Rotten at its core or it’s bigger than Rutgers

In classrooms across the nation, future Olivia Popes will learn about Rutgers University as an example of what not to do when responding to crisis.   From President Robert Barchi not watching the video of his basketball coach abusing student athletes to their failure to properly vet the academic credentials of new basketball coach Eddie Jordan, Rutgers has shown a level of ineptitude comparable to Tim Tebow’s throwing arm and Dwight Howard’s free throw shooting.  Yet, their failures are systemic; the consequences are severe.  The most recent example of not just incompetence but a level of blindness to the fundamental problems facing college sports can be seen with the hiring of Julie Hermann.  Dave Zirin describes the situation as such:

That’s what makes the goings-on at Rutgers University so maddening. In looking to move the school forward following the scandal that cost bullying former basketball coach Mike Rice and athletic director Tim Pernetti their jobs, school president Robert Barchi hired former Louisville assistant athletic director Julie Hermann. After the homophobic, misogynistic invective that will define the Mike Rice era, appointing an extremely competent woman must have seemed savvy. Unfortunately, in aiming to get beyond a bullying scandal, the school hired an athletic director with a history of bullying.

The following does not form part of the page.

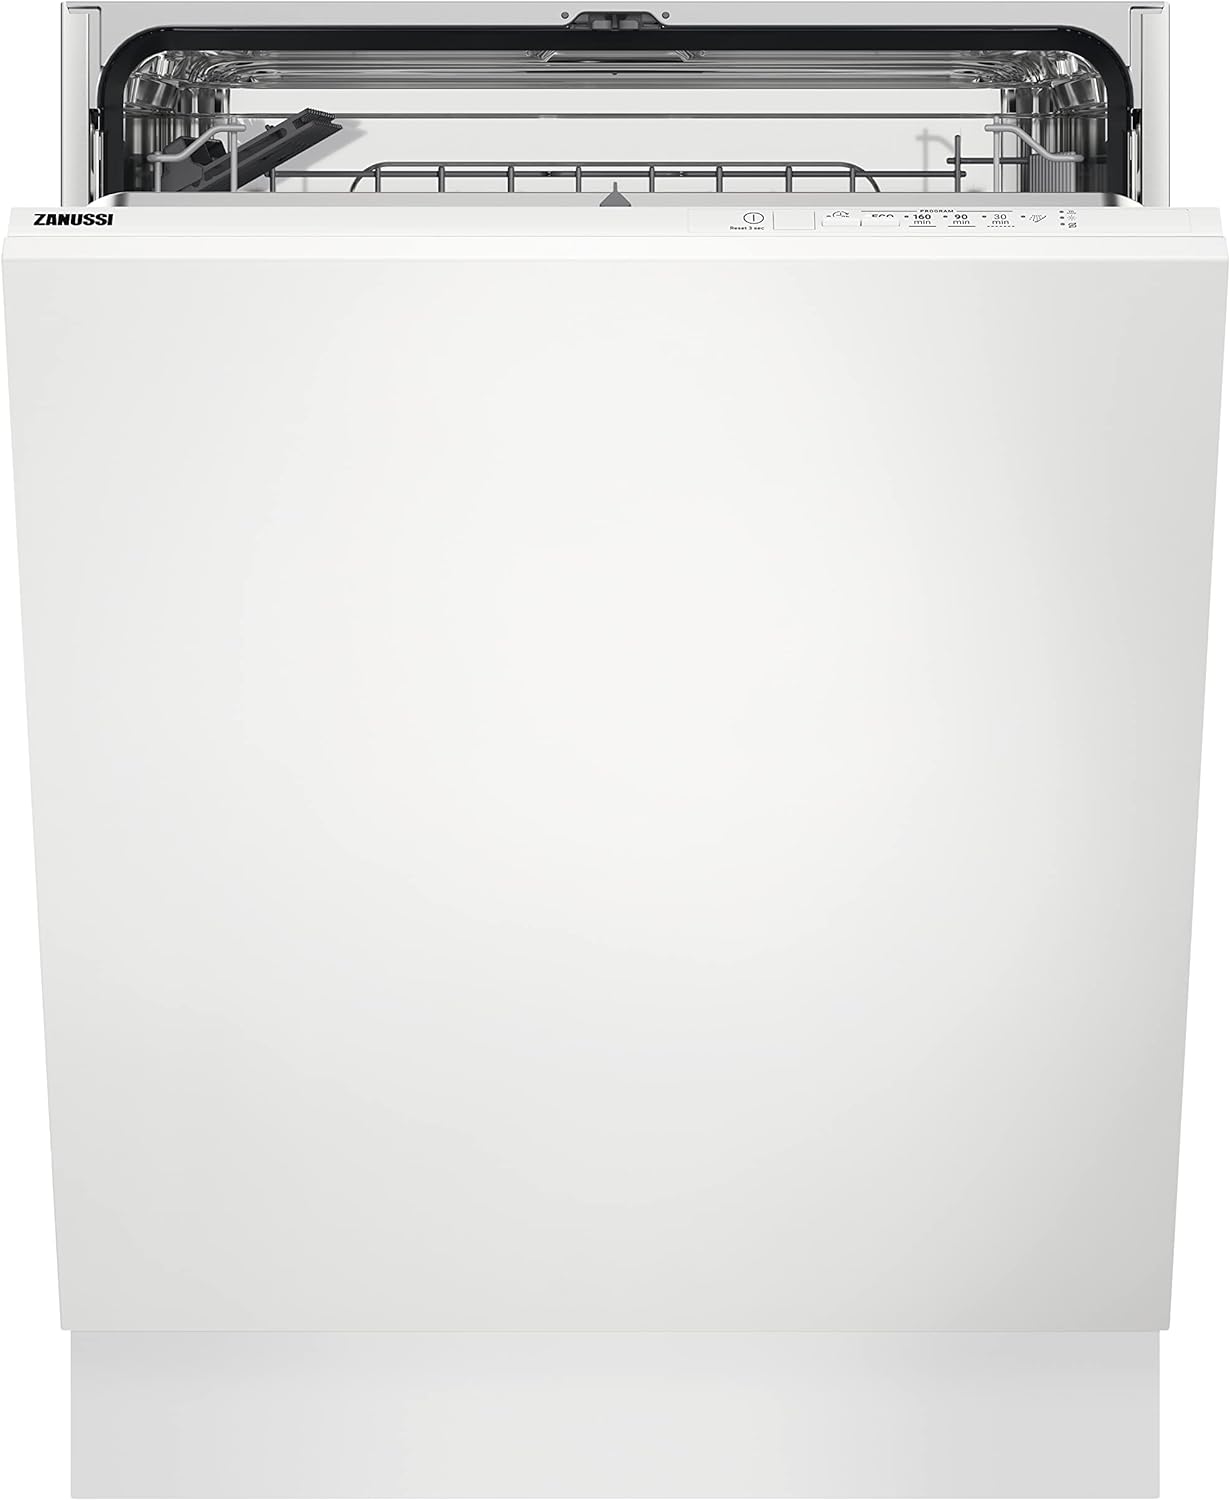 Zanussi Series 20 AirDry Fully integrated Dishwasher with AirDry Technology ZDLN1522 13 Settings, 5 Programmes, 60cm, Quick Wash, Rinse & Hold, White [Energy Class E] - Amazing Gadgets Outlet

In attempting to show that the athletic department is not a haven for misogynists, they hired someone with a history of misogyny. And worst of all, in boasting about the depths of their research into Hermann’s past, they missed a series of incidents that a Google search followed by ten minutes of follow-up phone calls could have revealed.

While clearly Rutgers has shown what not to do, while the reports about Julie Hermann are troubling and while what has gone on Rutgers from Mike Rice forward are an indication of the warped and troubling values of higher education, I find myself wondering if she is being held to different standards than her male counterparts. Is she becoming a scapegoat? It would be nice if male ADs and coaches (and professors, administrators….) were held to same level of scrutiny and accountability. It would be nice if we talked about police officers who go from one force to next with a rap sheet of complaints about brutality with same level of interest and questions about past behavior.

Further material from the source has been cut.